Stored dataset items
= = = = =

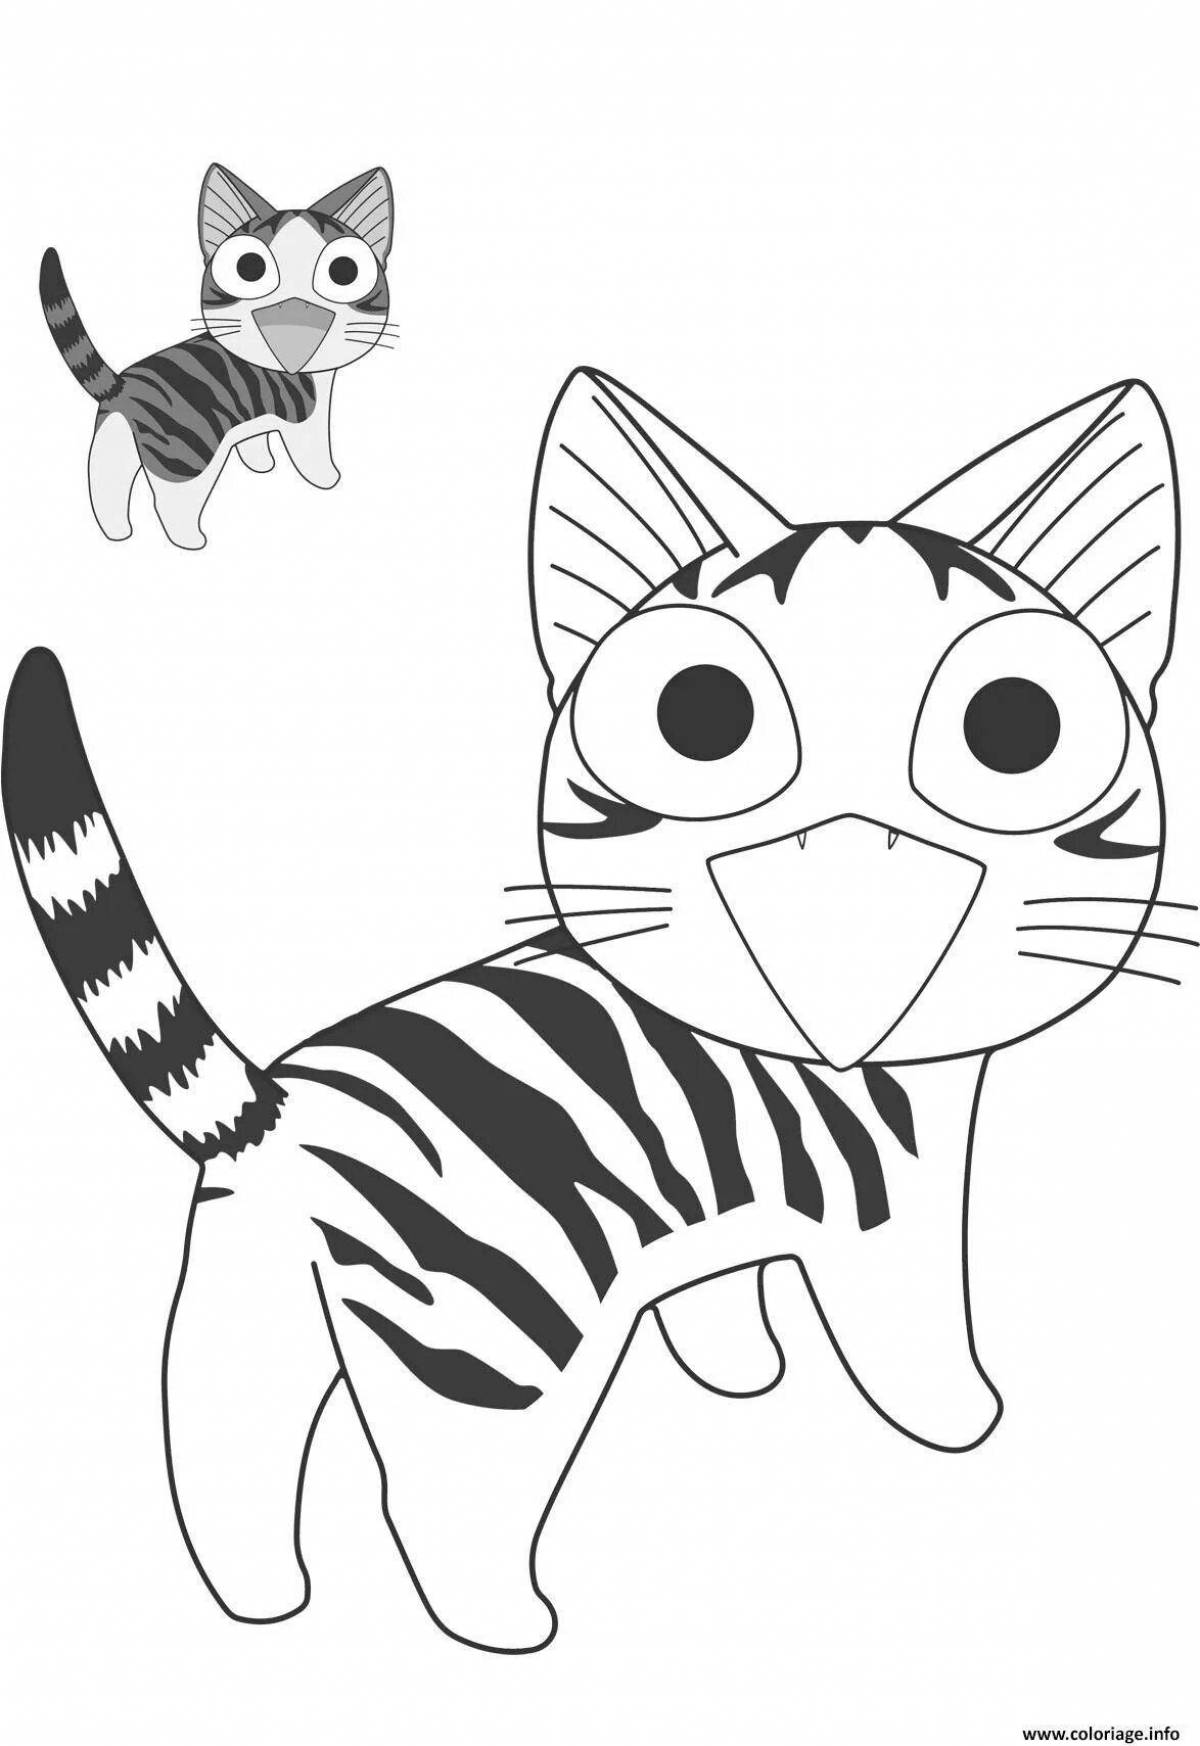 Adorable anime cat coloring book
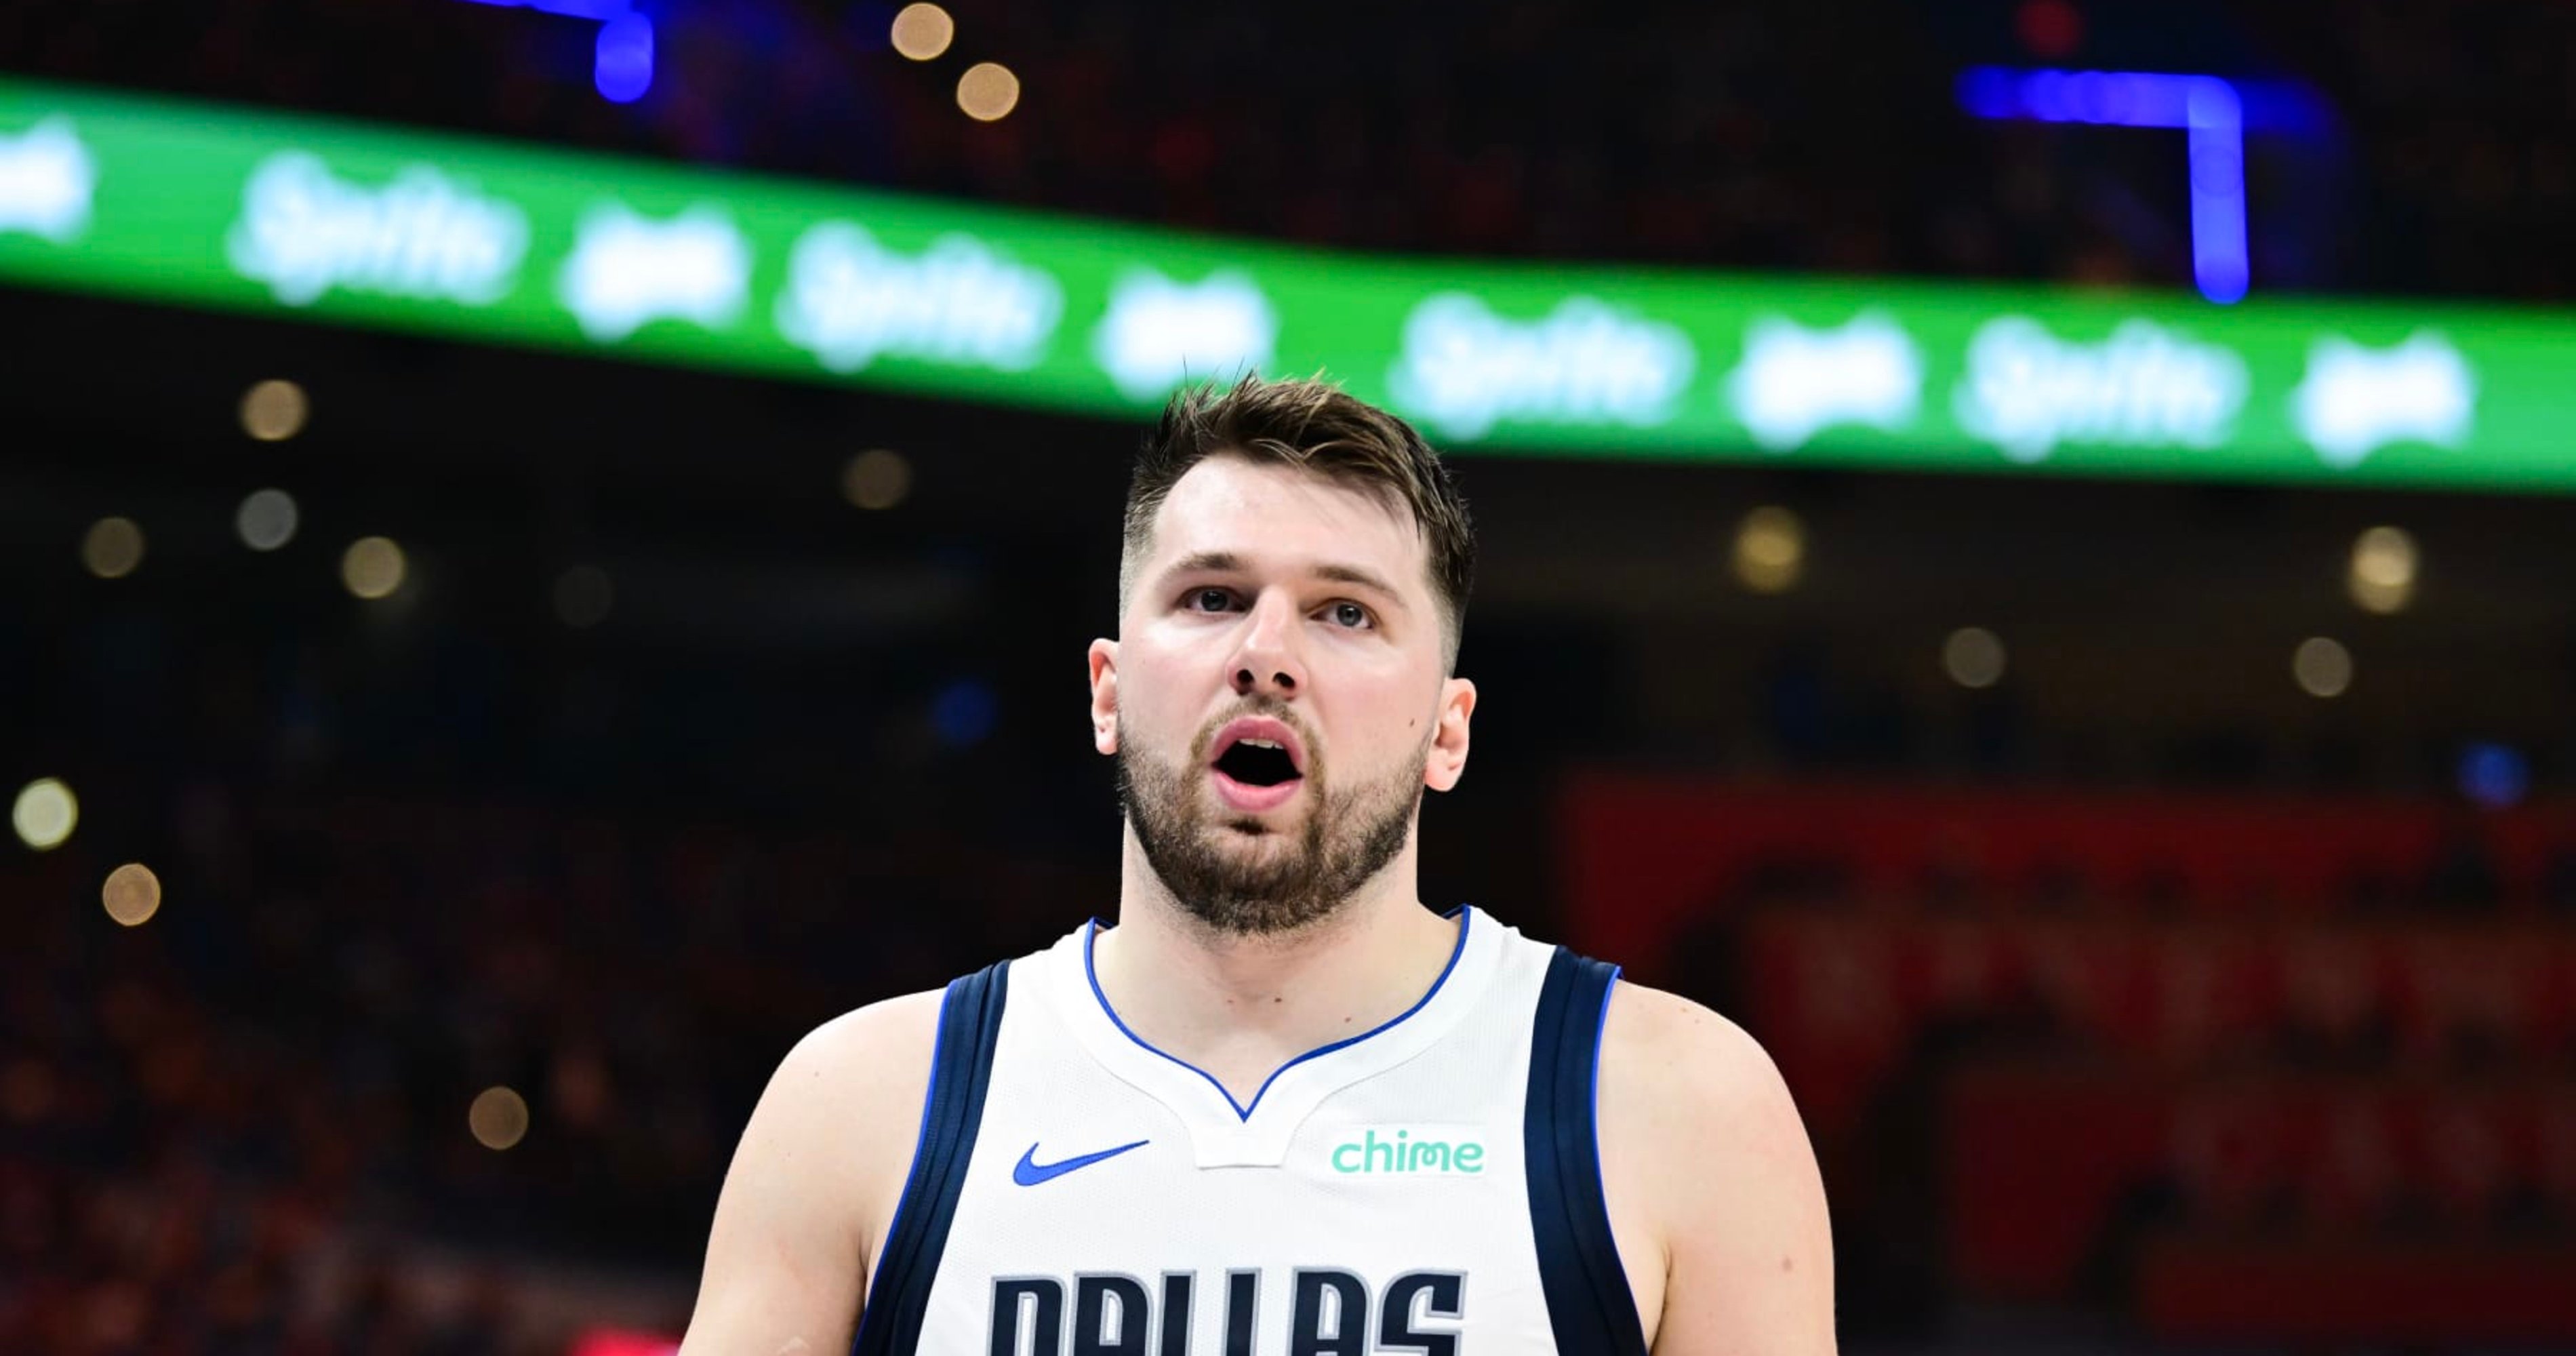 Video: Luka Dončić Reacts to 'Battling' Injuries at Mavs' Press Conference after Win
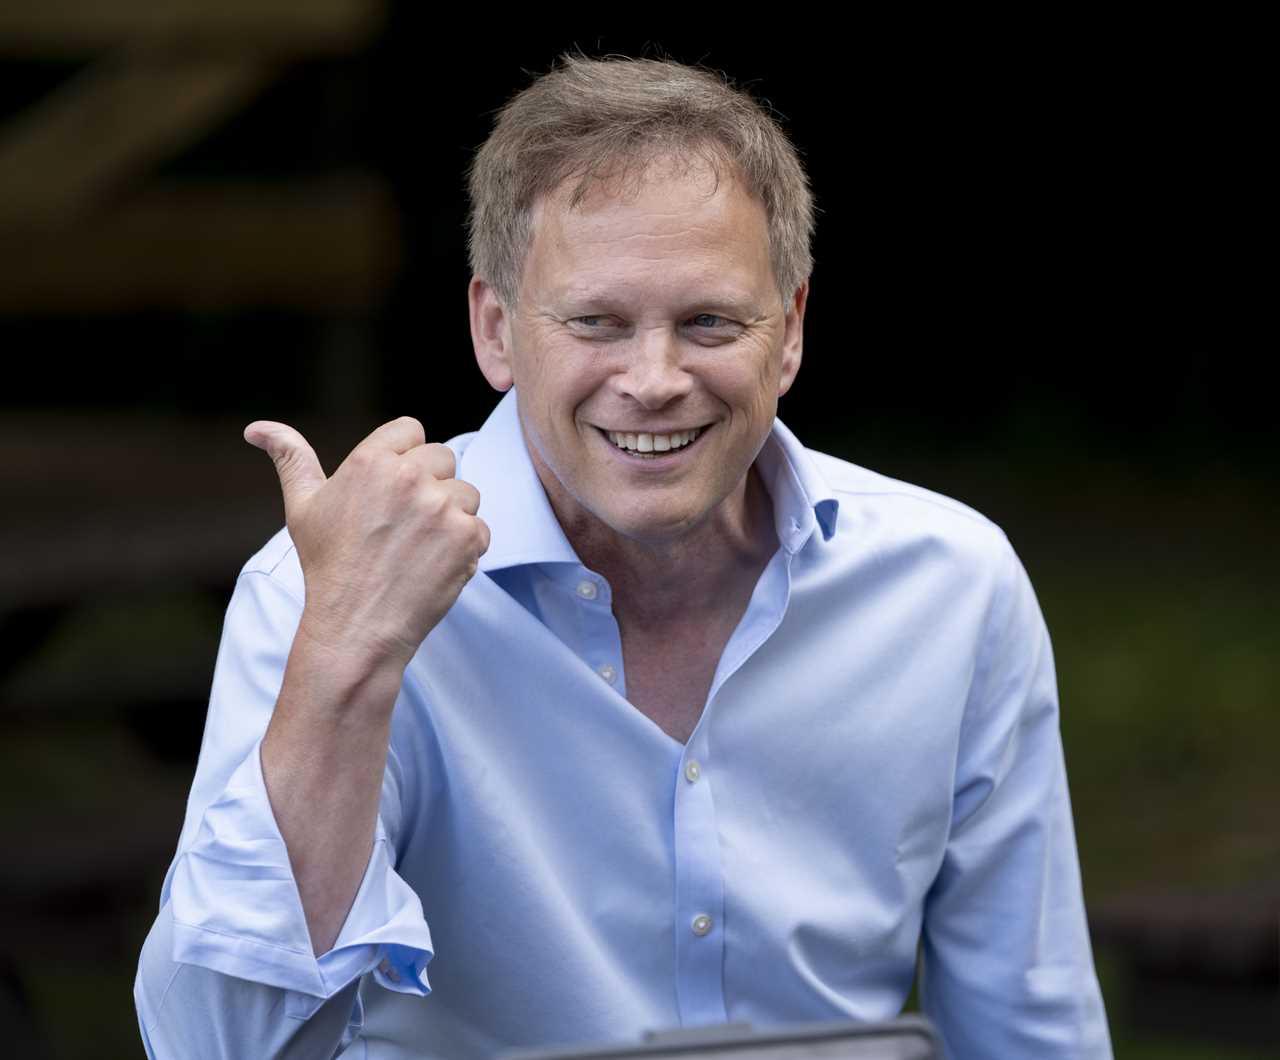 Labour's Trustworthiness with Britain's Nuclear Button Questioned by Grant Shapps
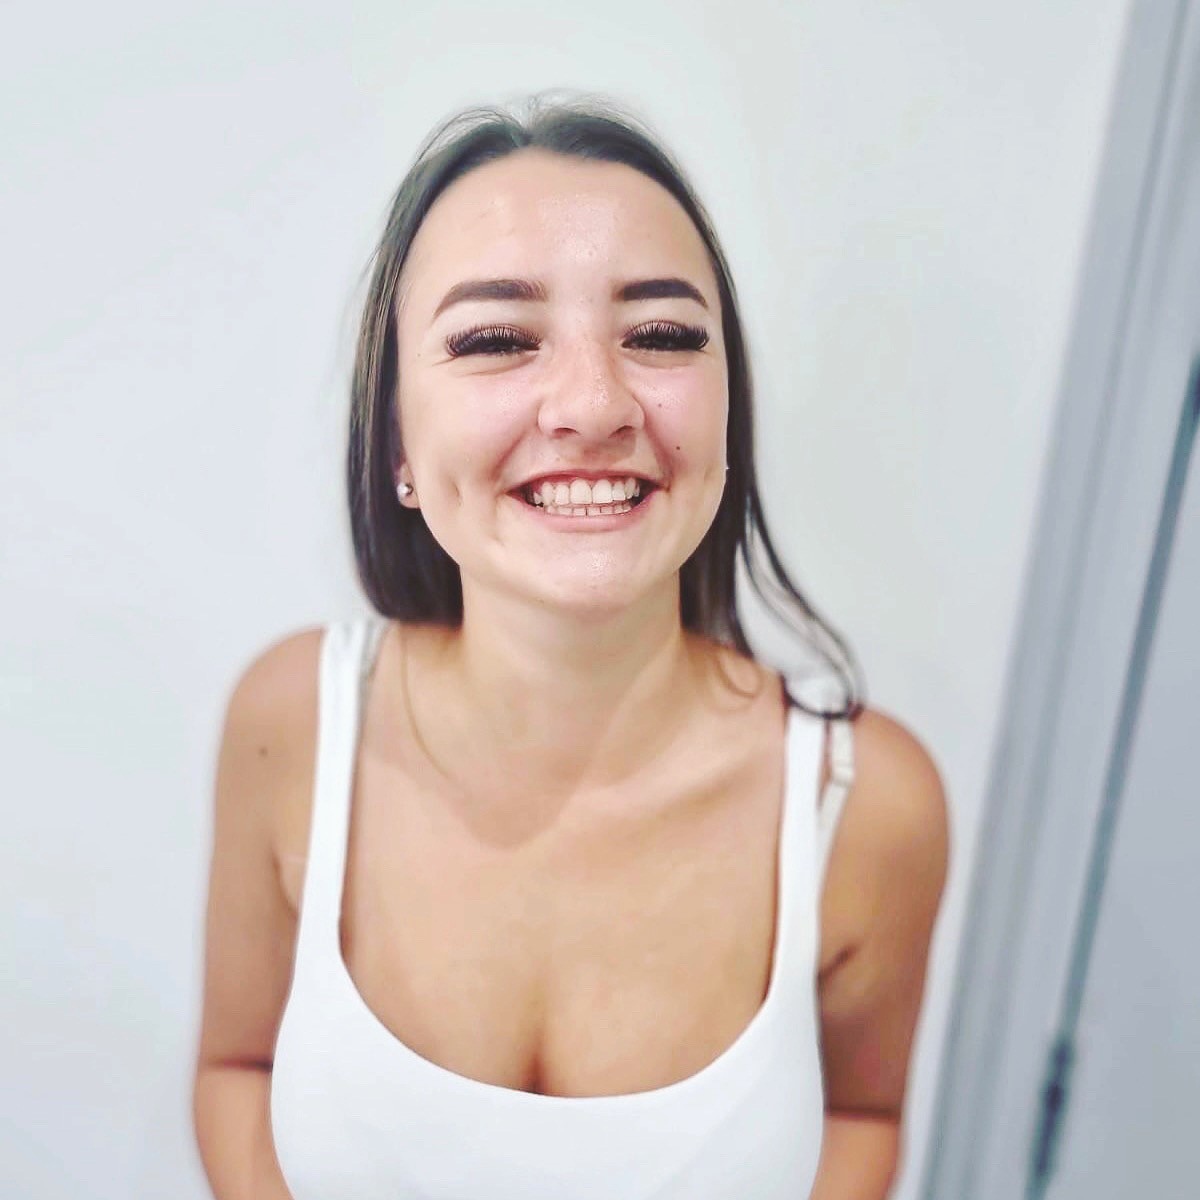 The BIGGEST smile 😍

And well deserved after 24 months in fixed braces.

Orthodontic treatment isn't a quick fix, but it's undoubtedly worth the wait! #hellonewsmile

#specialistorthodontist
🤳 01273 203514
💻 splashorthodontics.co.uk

= = = = =

EXERCISE – Once the line that contains "Orthodontic treatment isn't" is found, please give it again exactly, along with each line that comes after it, through the last line of the entries.

REPLY TO THE TASK –
Orthodontic treatment isn't a quick fix, but it's undoubtedly worth the wait! #hellonewsmile

#specialistorthodontist
🤳 01273 203514
💻 splashorthodontics.co.uk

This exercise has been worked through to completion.